* _Exercise_
Shown below are entries with pictures; the line with "Price Cutter Weekly" through the line with "Brennan Elliott poses" is the span to retype exactly, and the pictures stay out.

* _Source information_
=== Begin Enclosure ===

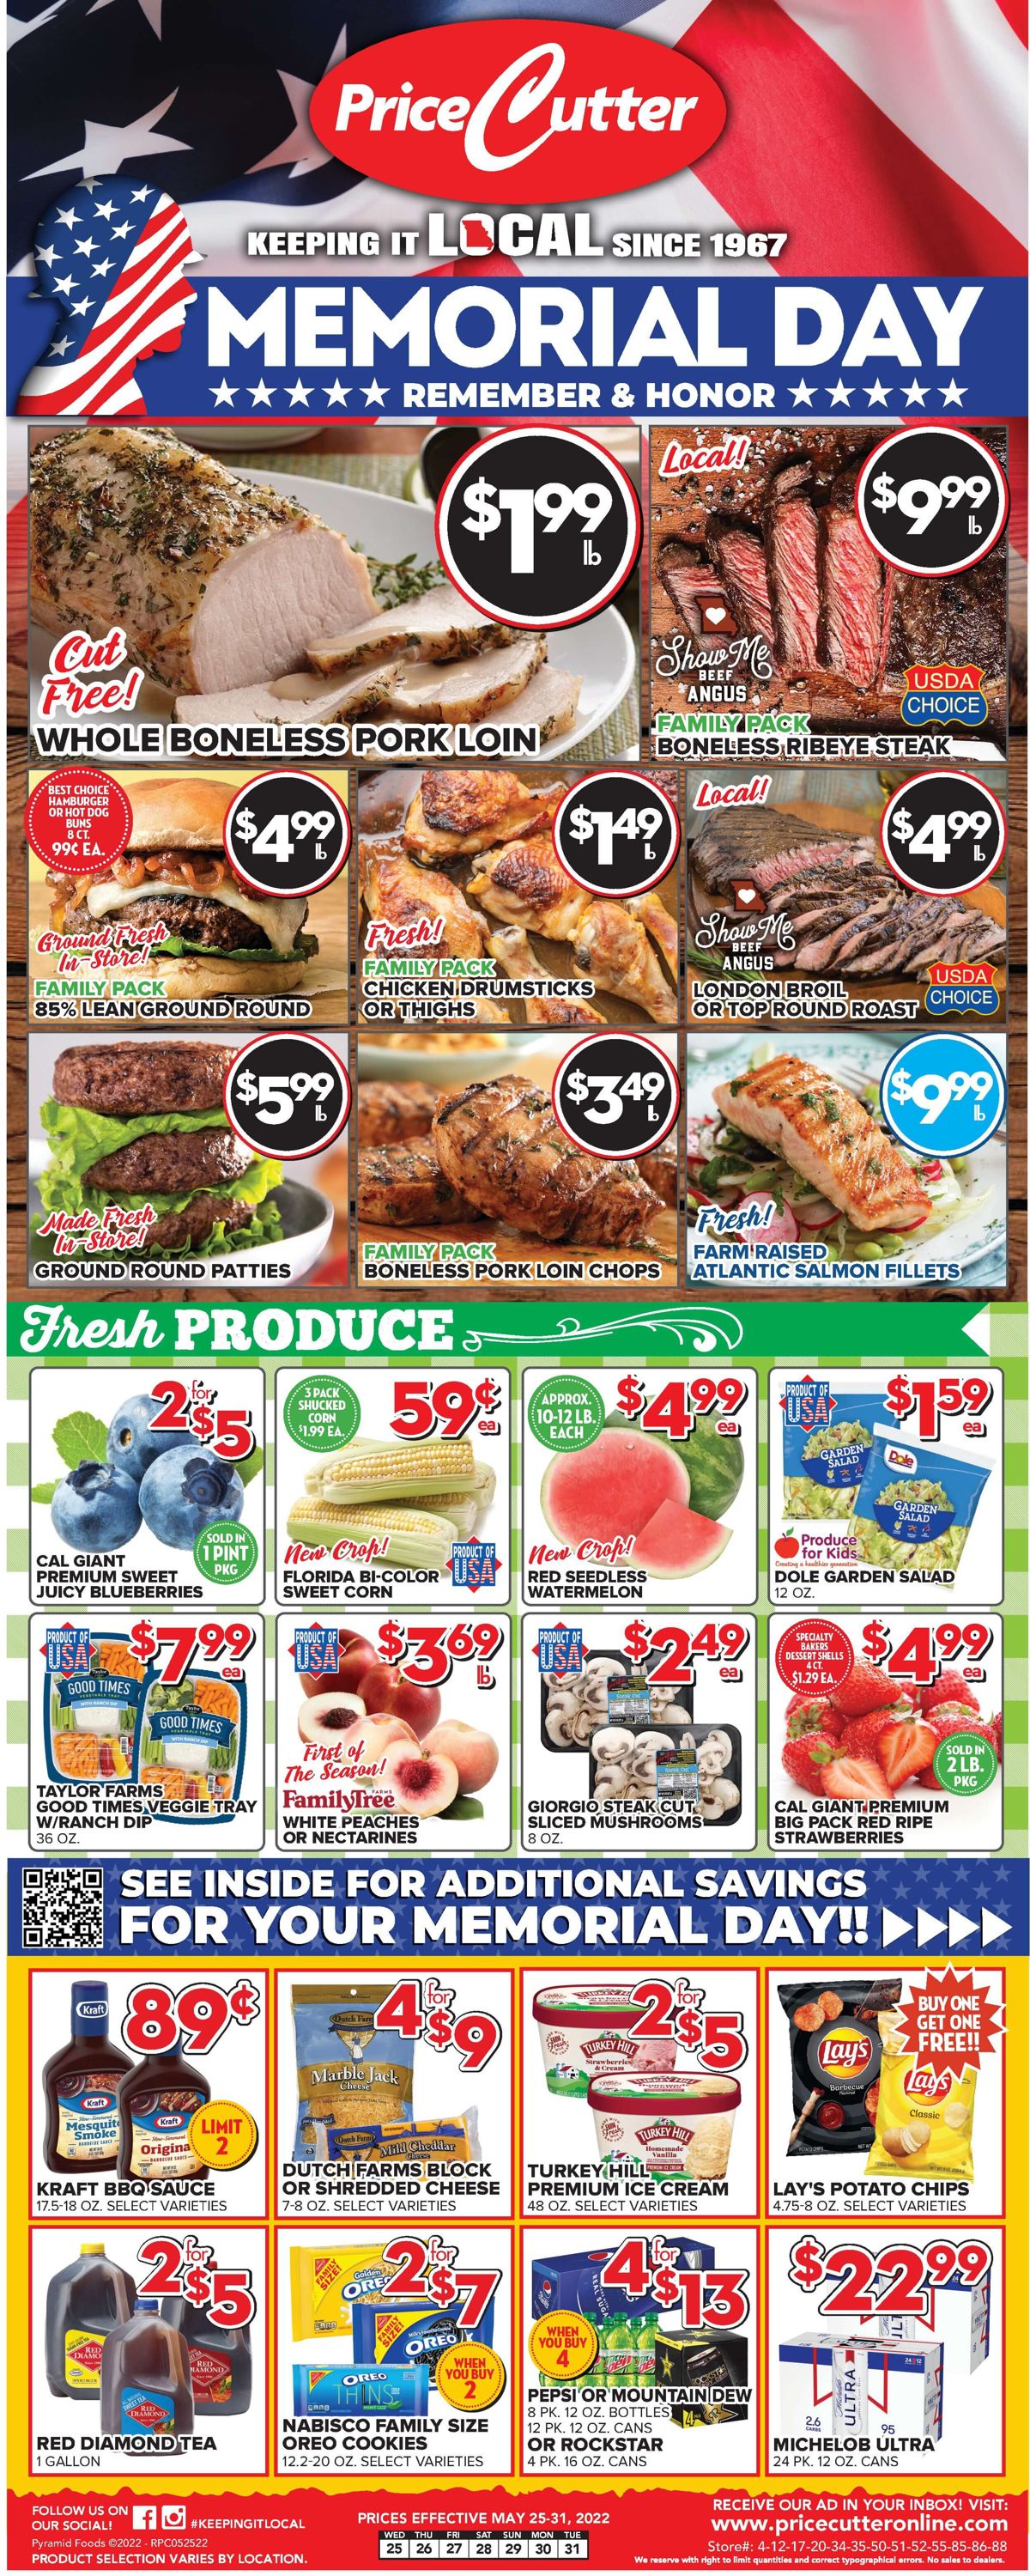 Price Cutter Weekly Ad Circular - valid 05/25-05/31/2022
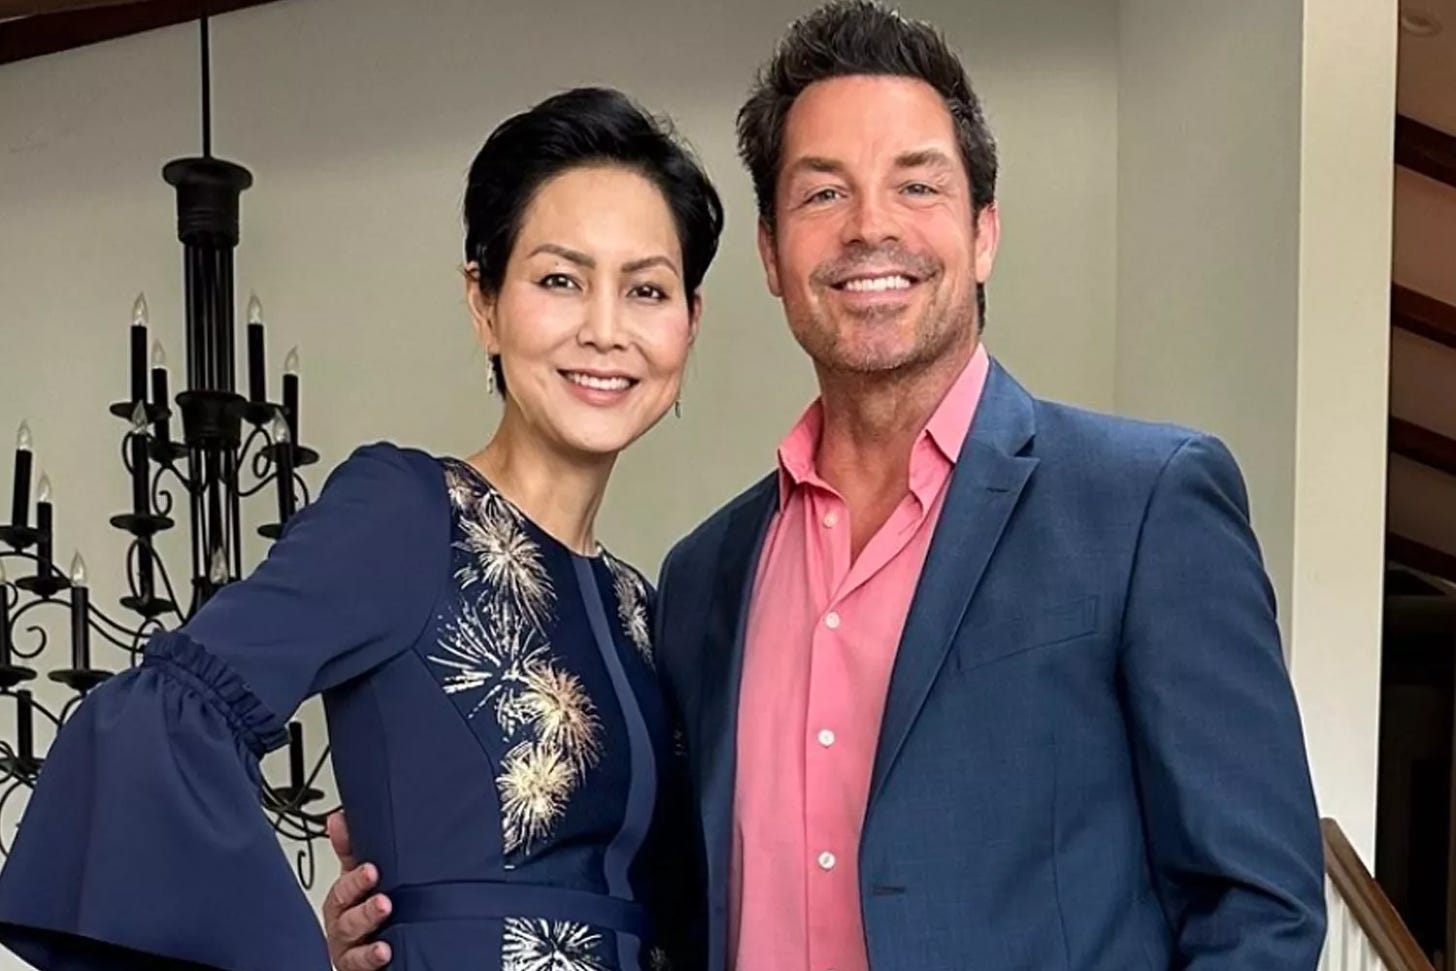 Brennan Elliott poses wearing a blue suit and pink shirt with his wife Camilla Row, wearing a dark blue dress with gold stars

=== End Enclosure ===
=== Begin Enclosure ===

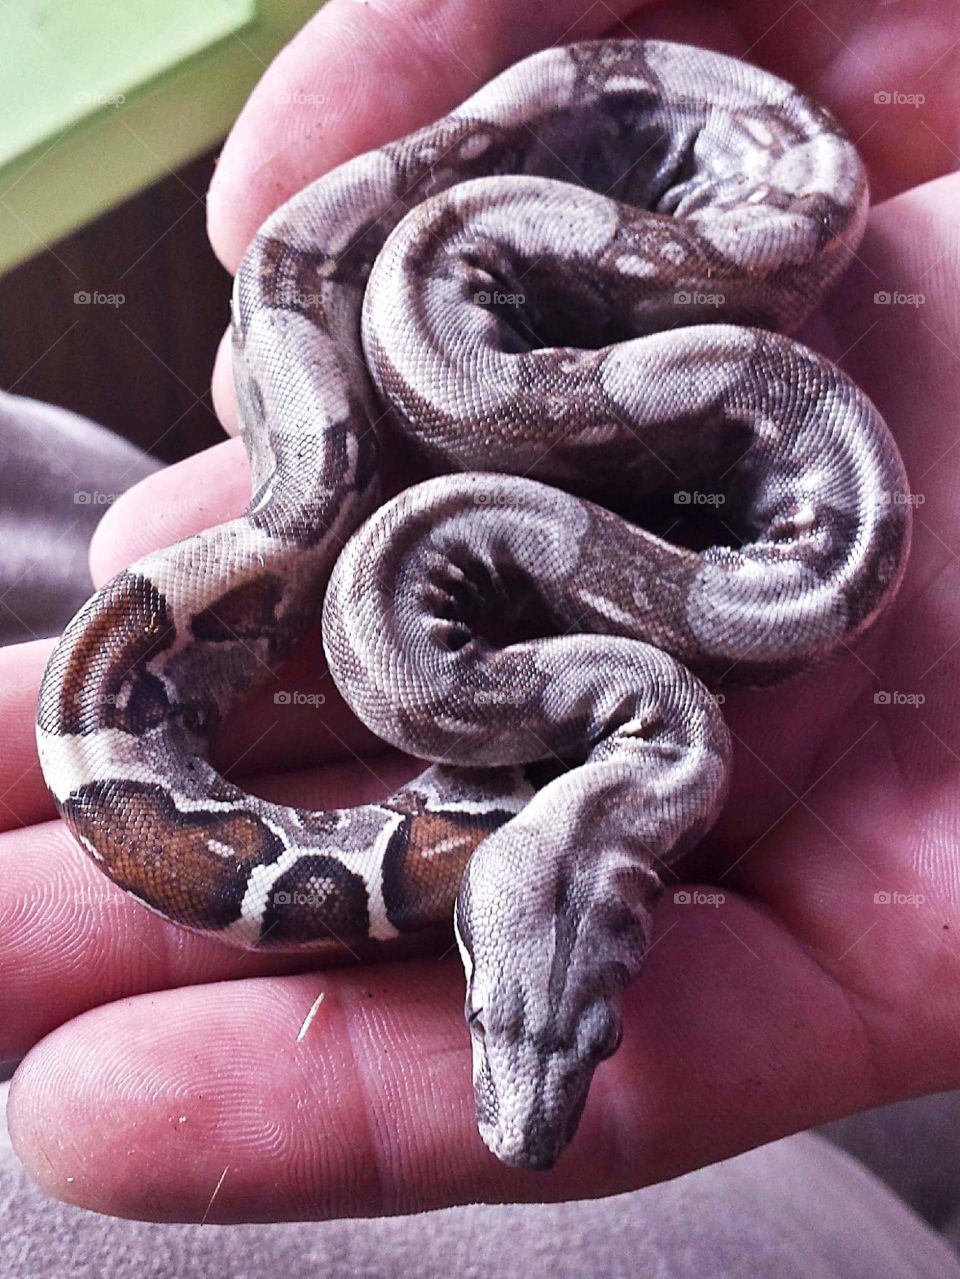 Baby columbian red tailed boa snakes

=== End Enclosure ===
=== Begin Enclosure ===

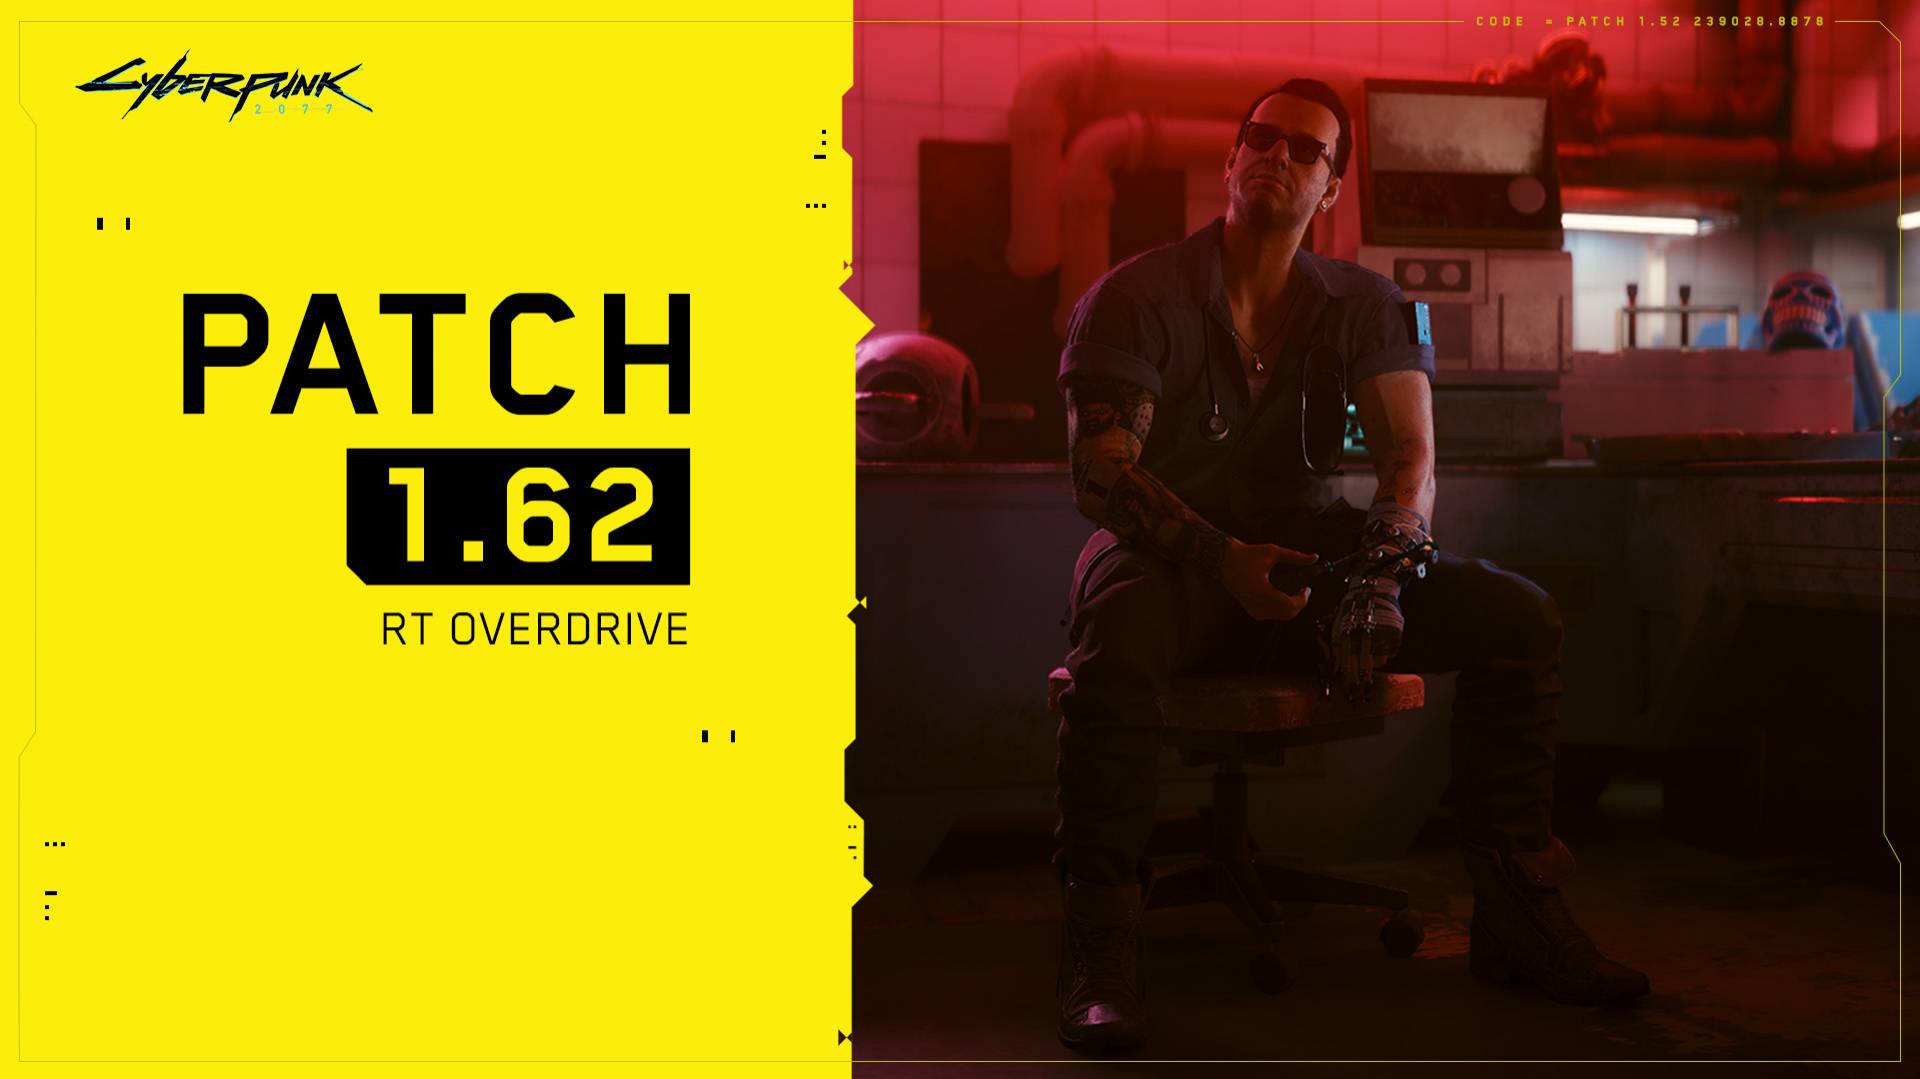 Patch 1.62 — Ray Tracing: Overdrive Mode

=== End Enclosure ===

* _Output of the exercise_
 Price Cutter Weekly Ad Circular - valid 05/25-05/31/2022
 Brennan Elliott poses wearing a blue suit and pink shirt with his wife Camilla Row, wearing a dark blue dress with gold stars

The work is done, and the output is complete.